%%
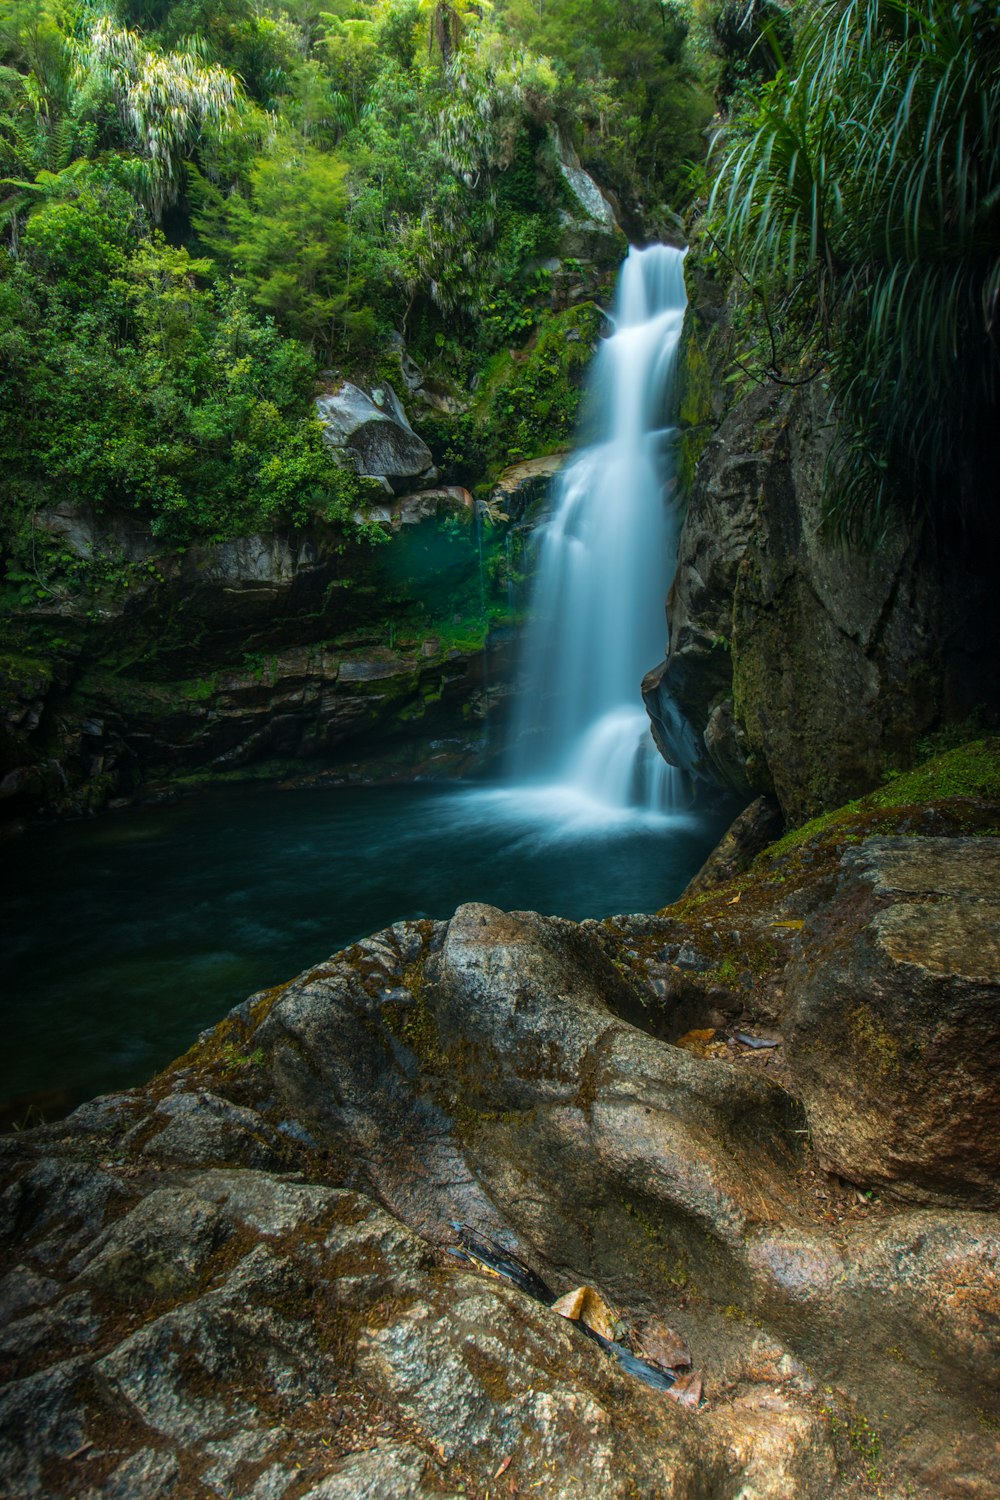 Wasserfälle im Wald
%%
%%
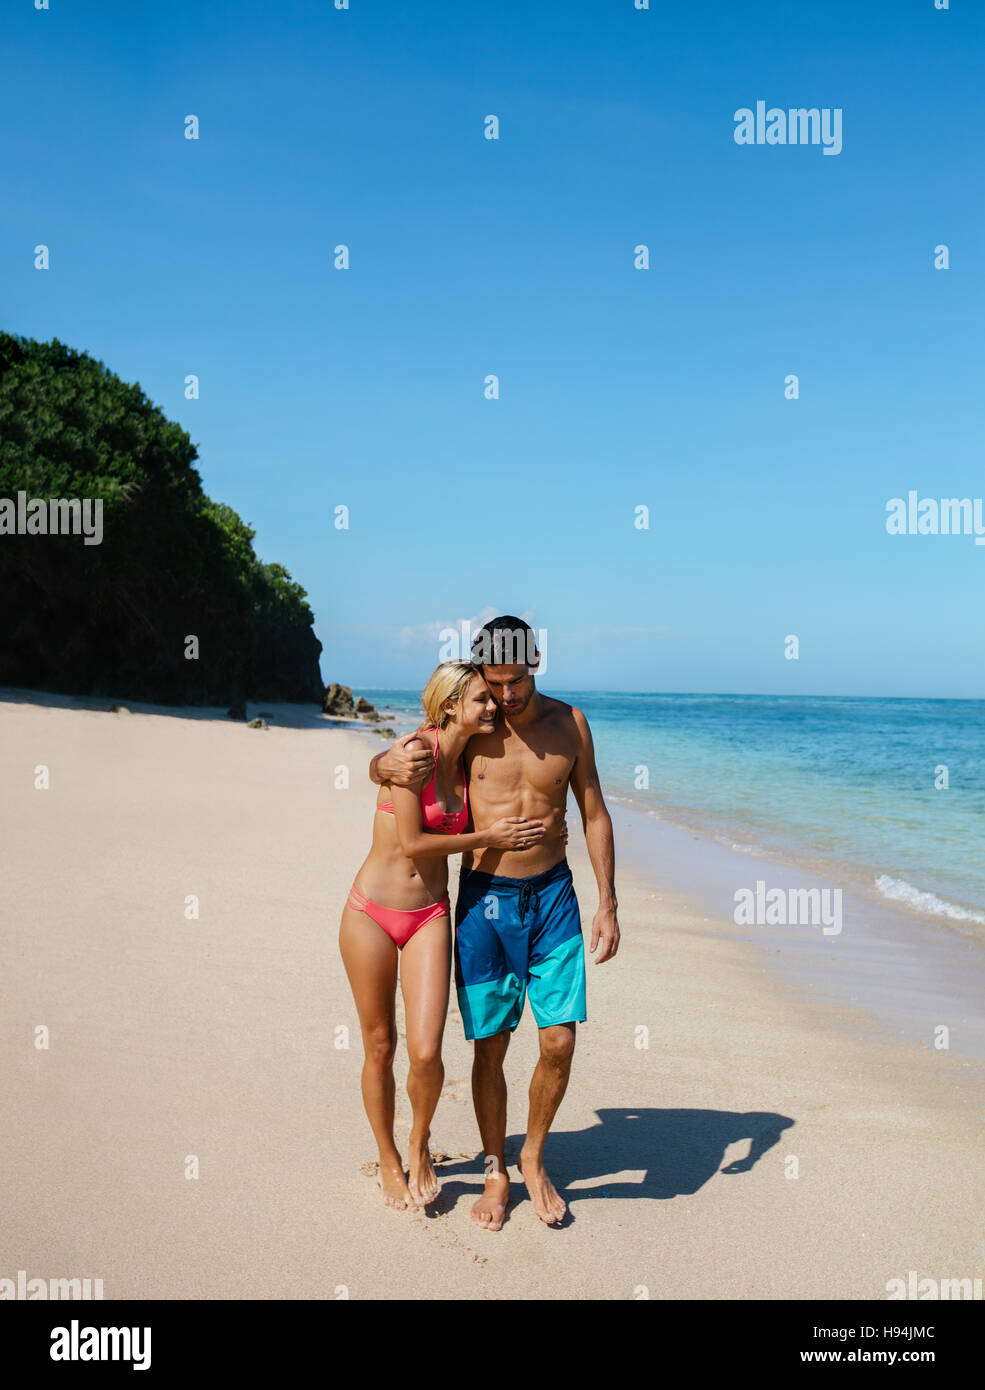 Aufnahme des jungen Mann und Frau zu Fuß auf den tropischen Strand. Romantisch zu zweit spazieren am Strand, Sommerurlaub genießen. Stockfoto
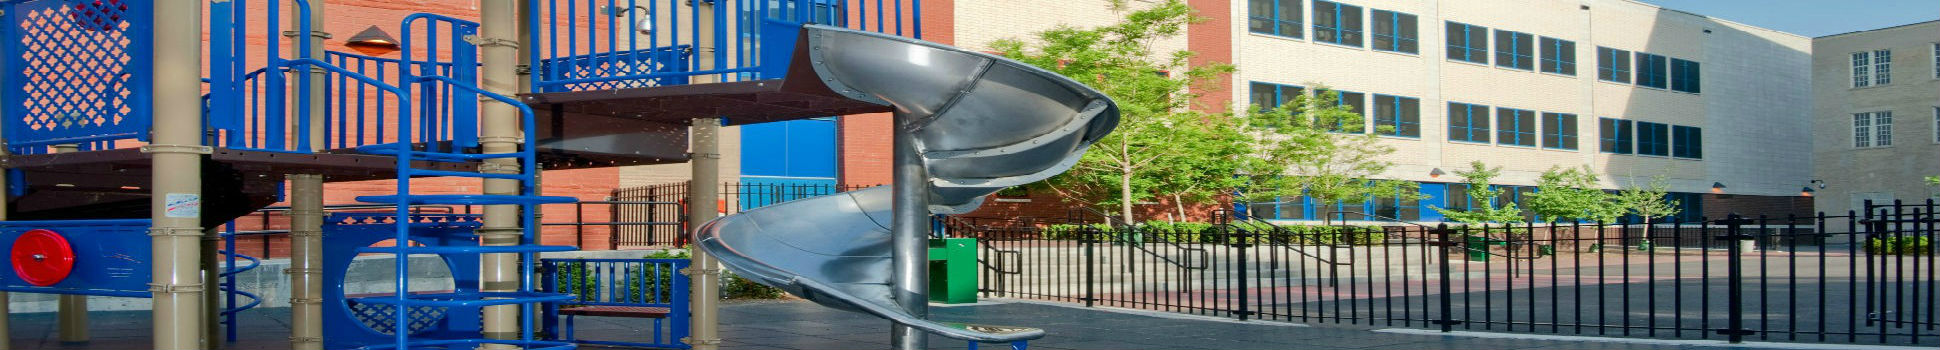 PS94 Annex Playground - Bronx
%%
* [What needs to be done] Reproduce the listing above exactly from the line containing "Aufnahme des jungen" up to and including the line containing "PS94 Annex Playground - Bronx", omitting any images and everything outside those lines.

* [Output of the task]
 Aufnahme des jungen Mann und Frau zu Fuß auf den tropischen Strand. Romantisch zu zweit spazieren am Strand, Sommerurlaub genießen. Stockfoto
 PS94 Annex Playground - Bronx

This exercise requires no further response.